Hamburg, having joined Smith to screw things up via the costly and totally unnecessary delay, blithely commented, “I’m really glad this is getting done,” said Hamburg. “It’s going to save us some money. I don’t know if I’m totally enthused about what’s happening in Fort Bragg, but, you know, in terms of the cost savings, we really didn’t have a choice. It can be one of the most stressful things that human beings have to do in their lives and I know there’s a lot of stress connected with this but the finances just really require it.”
Excuse me? Stressful?
Moving your place of work across the street?

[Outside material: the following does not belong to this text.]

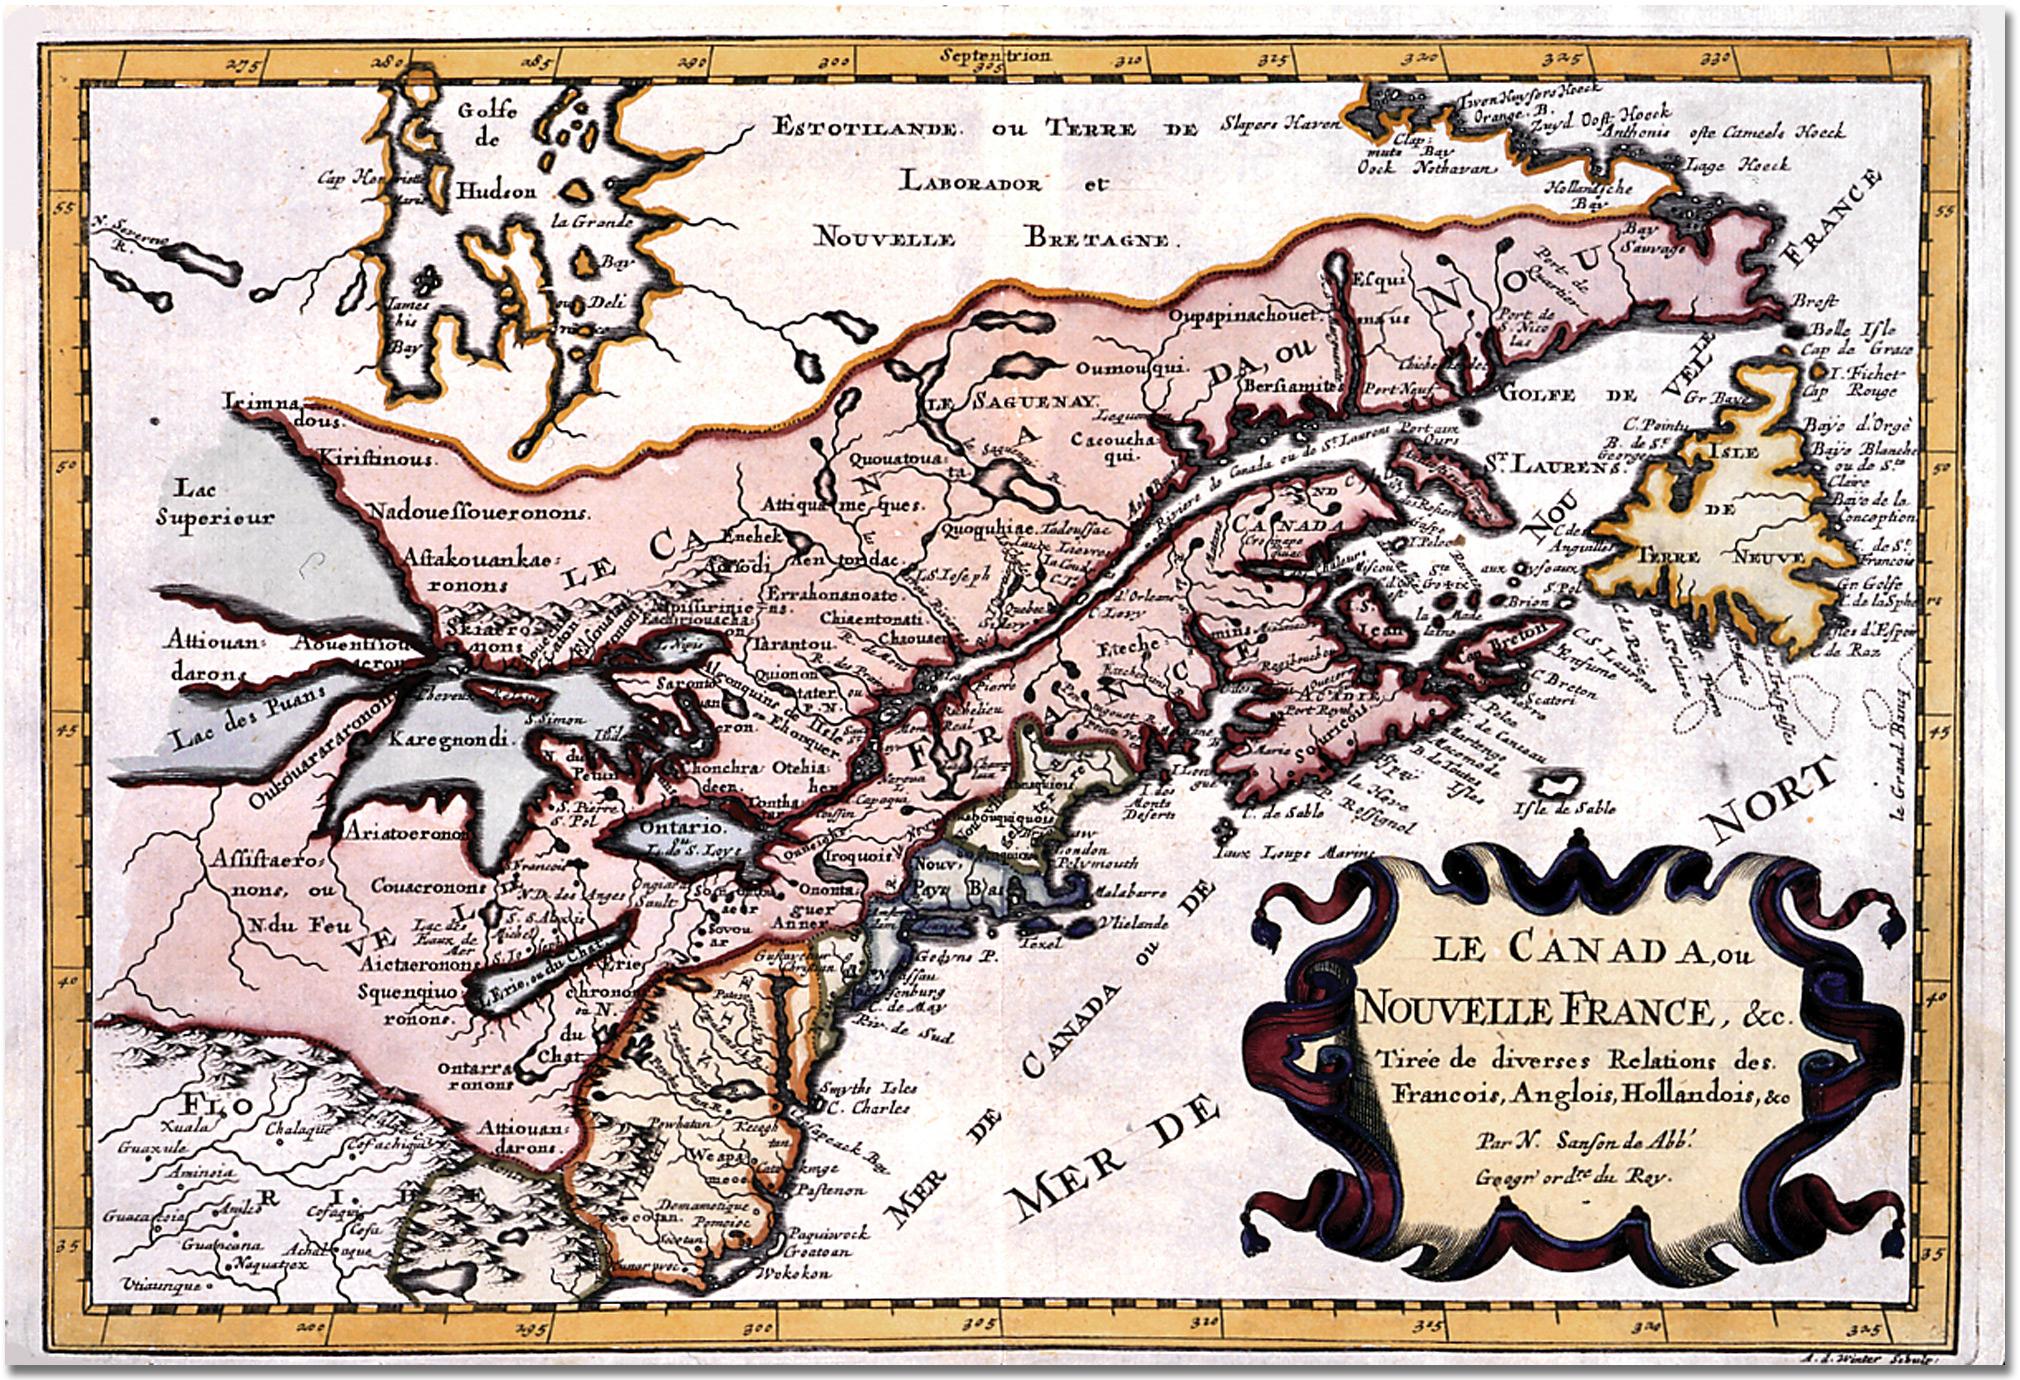 Datei:le Canada Ou Nouvelle France – Wikipedia dedans Nouvelle Region France

In Kabul maybe, but not Fort Bragg.
Ms. McMenomey said she’d spoken to “Mr. Affinito” and arranged a month to month rental agreement through Halloween in case there are some unanticipated hiccups in the move.
Ironists will appreciate the bended knee approach to the financial interests of the multi-millionaire "Mr. Affinito" while the proles get whatever meager help they might expect from social services as those amenities are whacked without so much as a crocodile tear, let alone a reference by name to Ms. Jones, the single mother with three little kids to support.
Bottom line: There was no need to wait more than two months and thousands more to Affinito for his redundant, long paid for, toxic barn on South Franklin, Fort Bragg.
Delaying the Fort Bragg office consolidation does not jeopardize the County’s “fiscal integrity” but delaying the layoffs of six patrol deputies a couple of months does.